Information supplied -
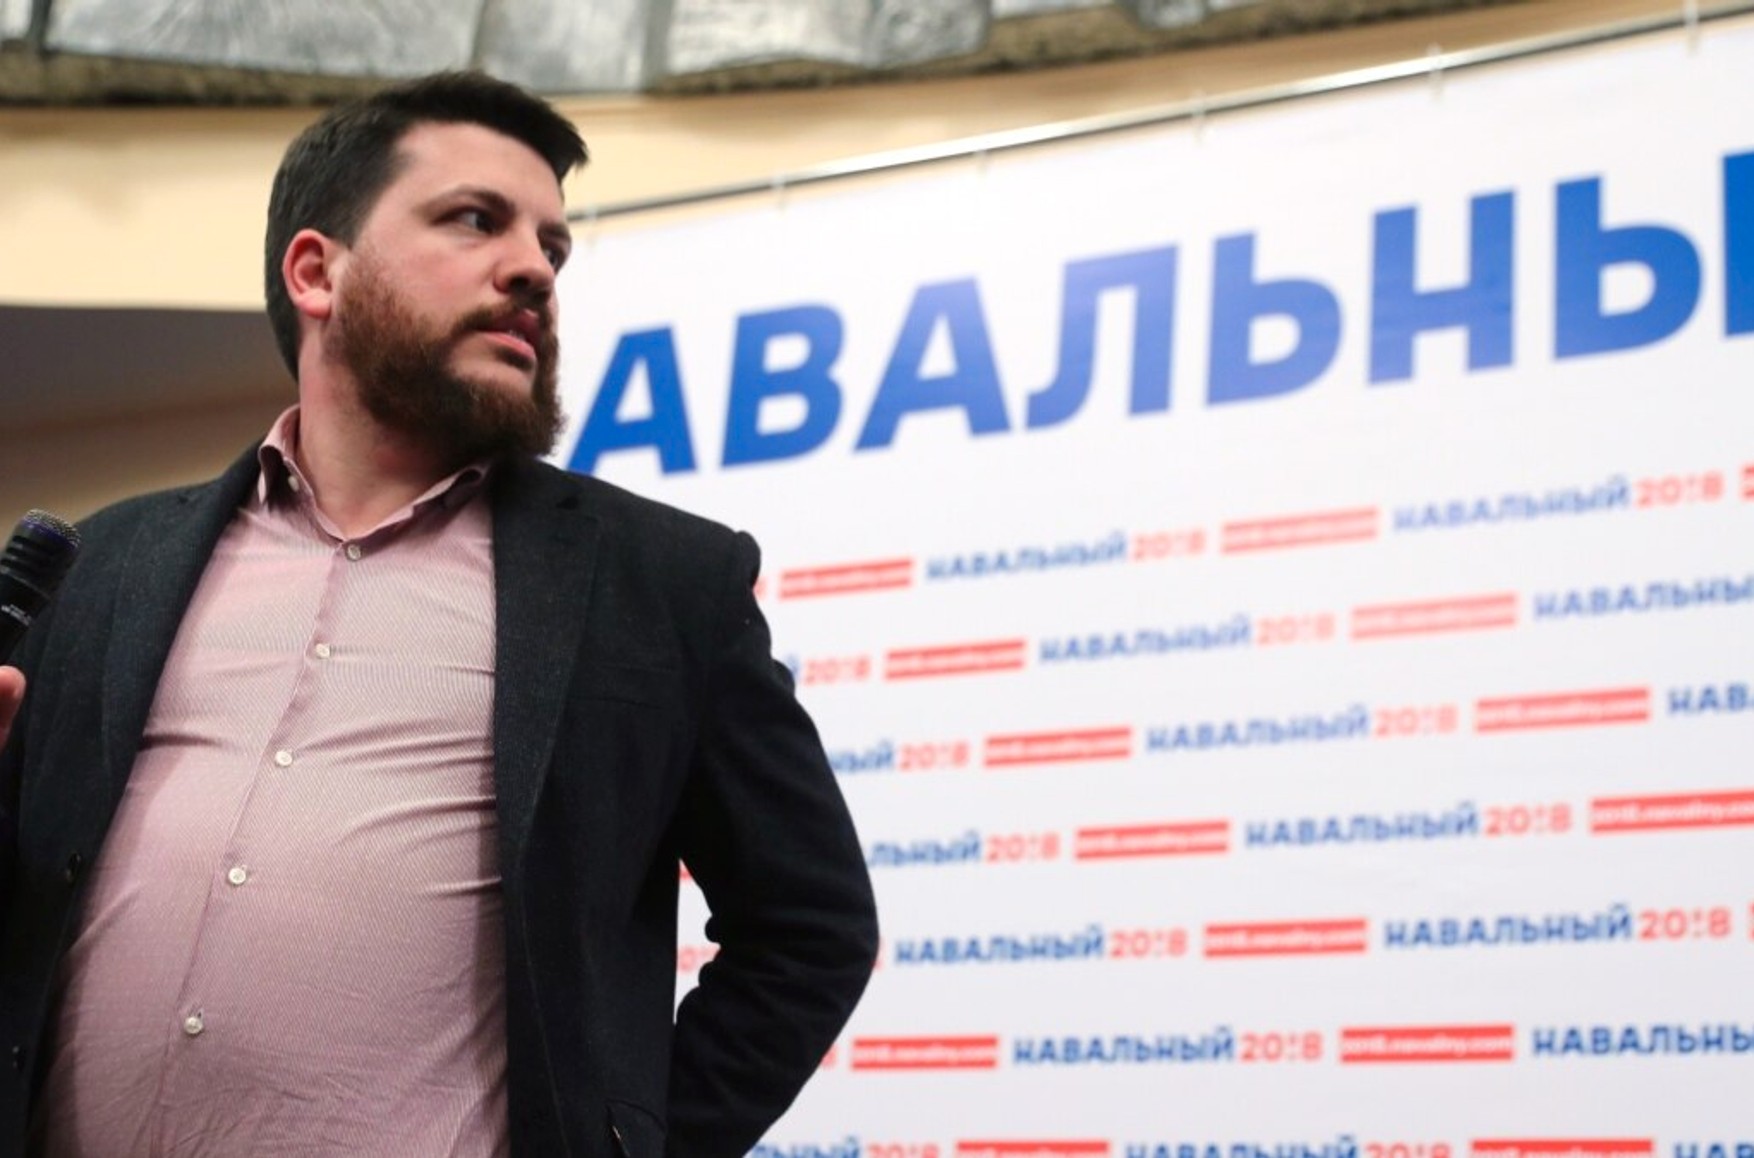 Соратники Навального составили список из 6 тысяч «коррупционеров и разжигателей войны»
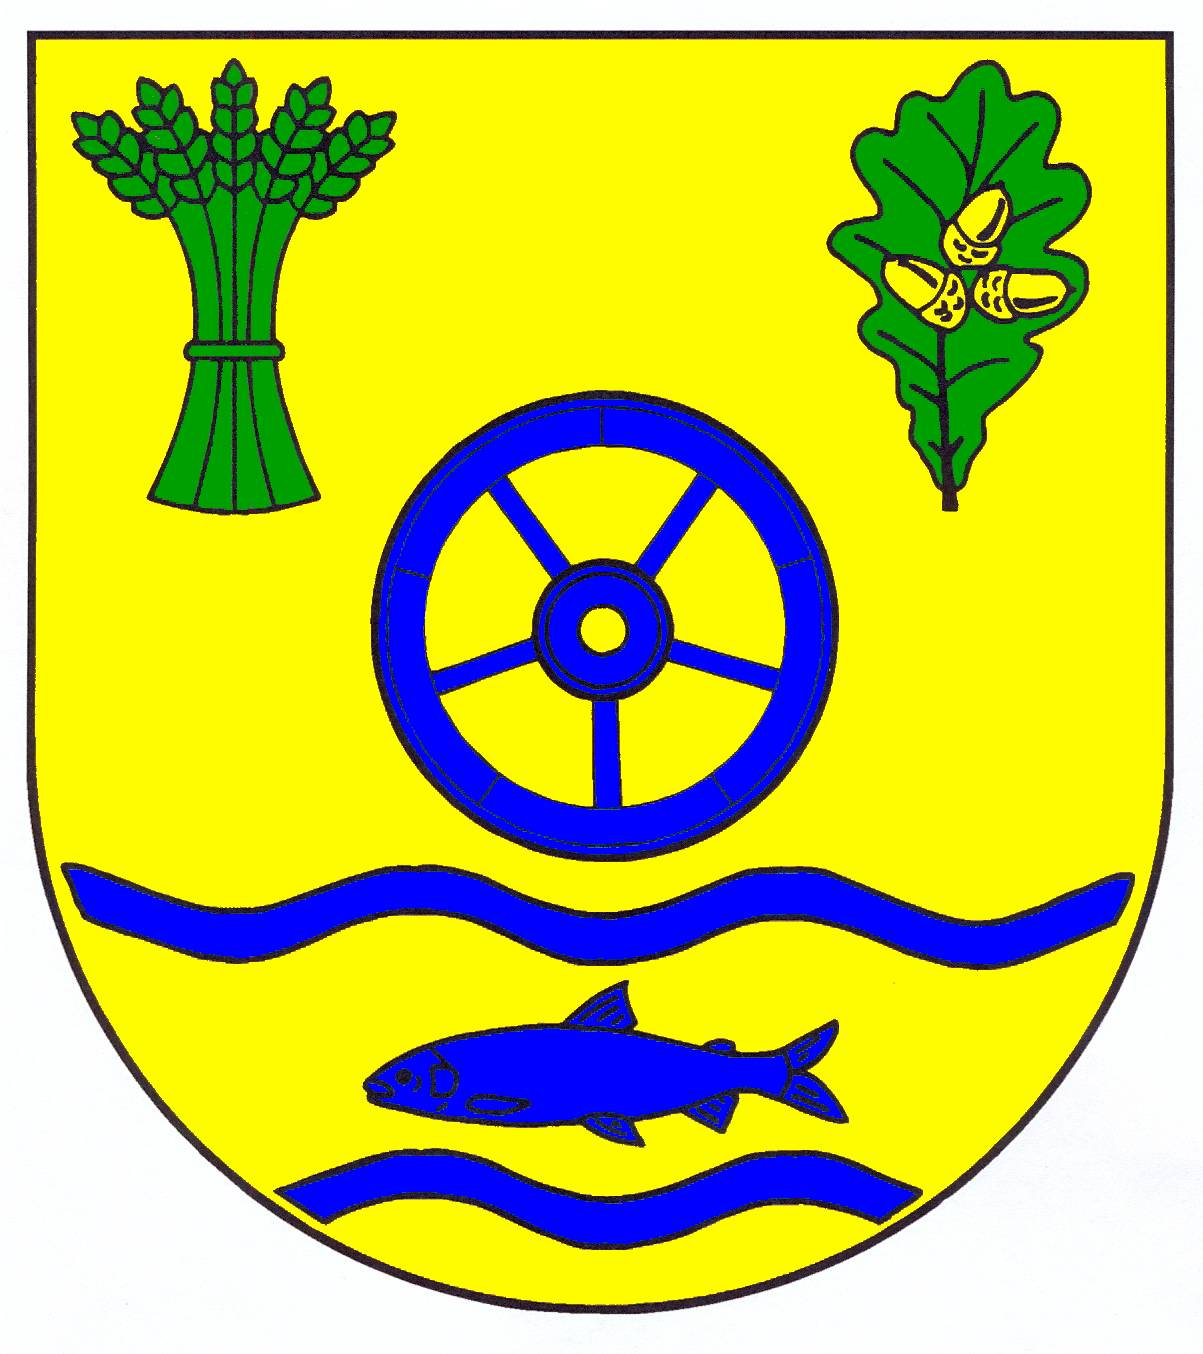 Wappen Gemeinde Boren, Kreis Schleswig-Flensburg
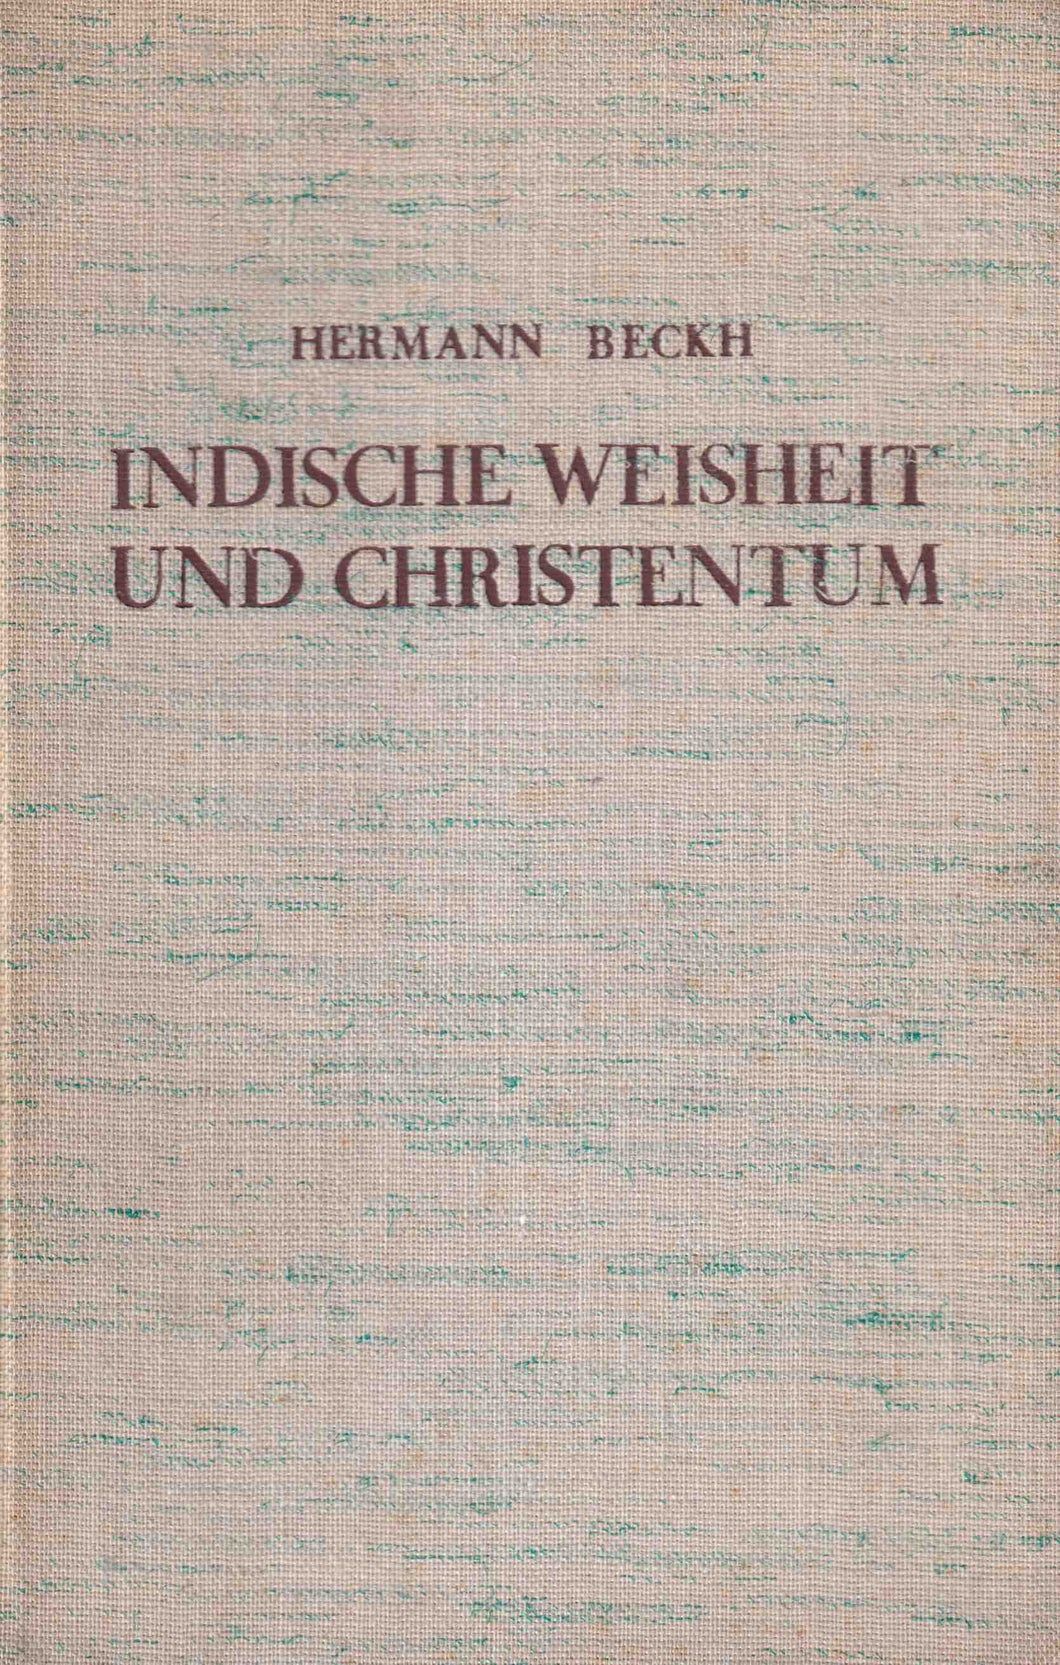 Indische Weisheit und Christentum

Problem description - Print the material above verbatim except the pictures.

Solution below -
 Соратники Навального составили список из 6 тысяч «коррупционеров и разжигателей войны»
 Wappen Gemeinde Boren, Kreis Schleswig-Flensburg
 Indische Weisheit und Christentum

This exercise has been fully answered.